Hi everyone, Robert Smith here to talk to you today a bit about crash dump configurations and options. With the wide-spread adoption of virtualization, large database servers, and other systems that may have a large amount or RAM, pre-configuring the systems for the optimal capturing of debugging information can be vital in debugging and other efforts. Ideally a stop error or system hang never happens. But in the event something happens, having the system configured optimally the first time can reduce time to root cause determination.

The information in this article applies the same to physical or virtual computing devices. You can apply this information to a Hyper-V host, or to a Hyper-V guest. You can apply this information to a Windows operating system running as a guest in a third-party hypervisor. If you have never gone through this process, or have never reviewed the knowledge base article on configuring your machine for a kernel or complete memory dump, I highly suggest going through the article along with this blog.

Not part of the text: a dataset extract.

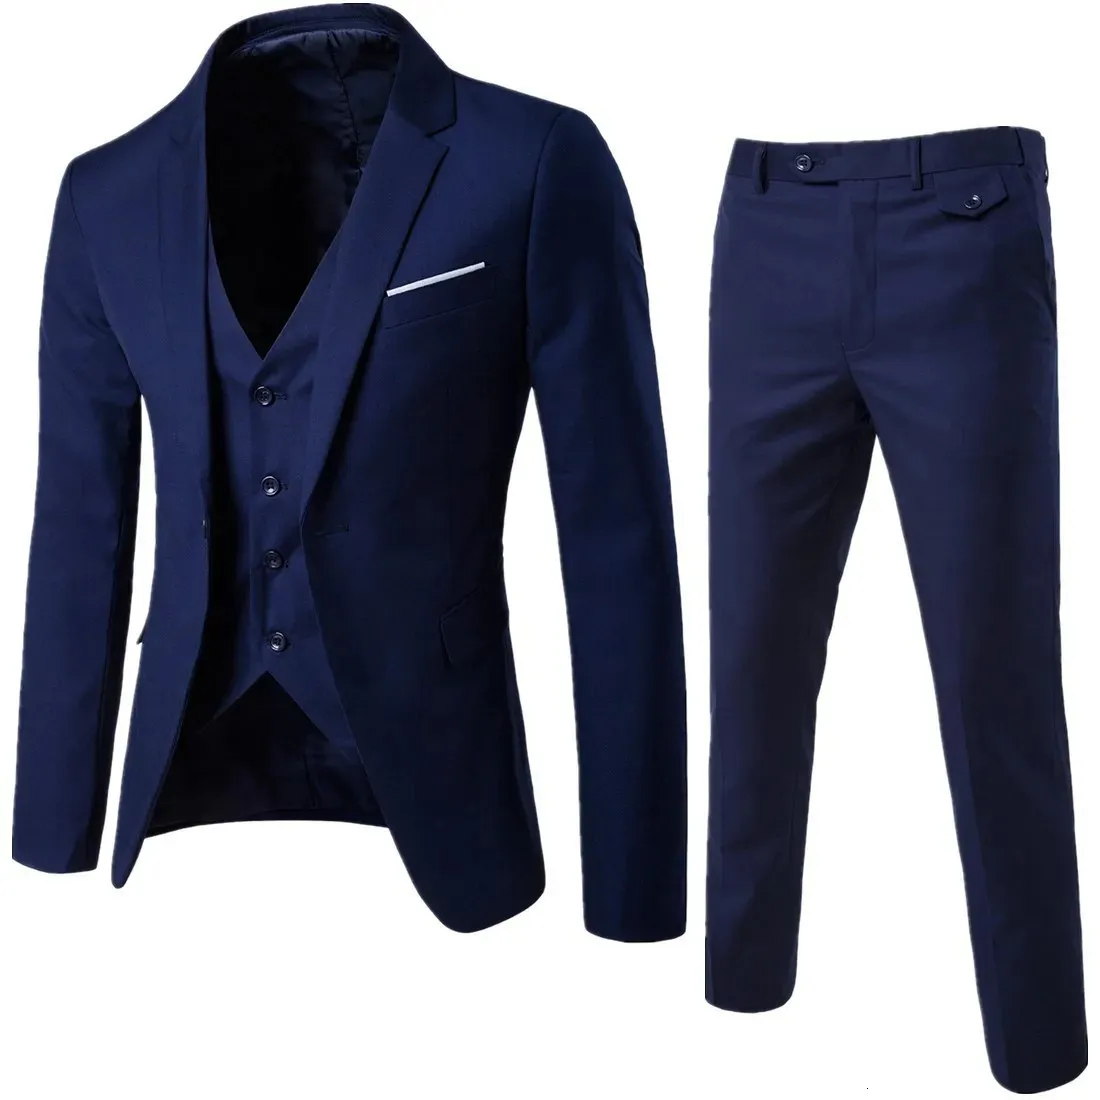 Mens Suits Blazers Fashion Men Classic 3piece Set Suit Wedding Grooming Slim Fit Jacket Pant Vest Black Gray Blue Burgundy Plus Szie S6xl 231110

Why worry about Crashdump settings in Windows?

When a windows system encounters an unexpected situation that could lead to data corruption, the Windows kernel will implement code called KeBugCheckEx to halt the system and save the contents of memory, to the extent possible, for later debugging analysis. During KeBugCheckEx, Windows will write diagnostic information to the paging file, set a flag noting the paging file contains the information, and on the next reboot Windows will write the diagnostic information to a memory “dump” file, normally called “memory.dmp”.

The problem arises as a result of large memory systems, that are handling large workloads. One of the dump types called “kernel”, was created for this situation. Even if you have a very large memory device, Windows can save just kernel-mode memory space, which usually results in a reasonably sized memory dump file. But with the advent of 64-bit operating systems, very large virtual and physical address spaces, even just the kernel-mode memory output could result in a very large memory dump file.

When the Windows kernel implements KeBugCheckEx execution of all other running code is halted, then some or all of the contents of physical RAM is copied to the paging file. On the next restart, Windows checks a flag in the paging file that tells Windows that there is debugging information in the paging file. If there is sufficient free disk space in the location specified under ‘Recovery’ options, Windows will attempt to write the debugging information into a file normally called ‘Memory.dmp’. NOTE: For Windows 7 and Windows Server 2008 R2, a hotfix is available to allow a memory dump to occur without a paging file. Please see KB2716542 for more information on this hotfix.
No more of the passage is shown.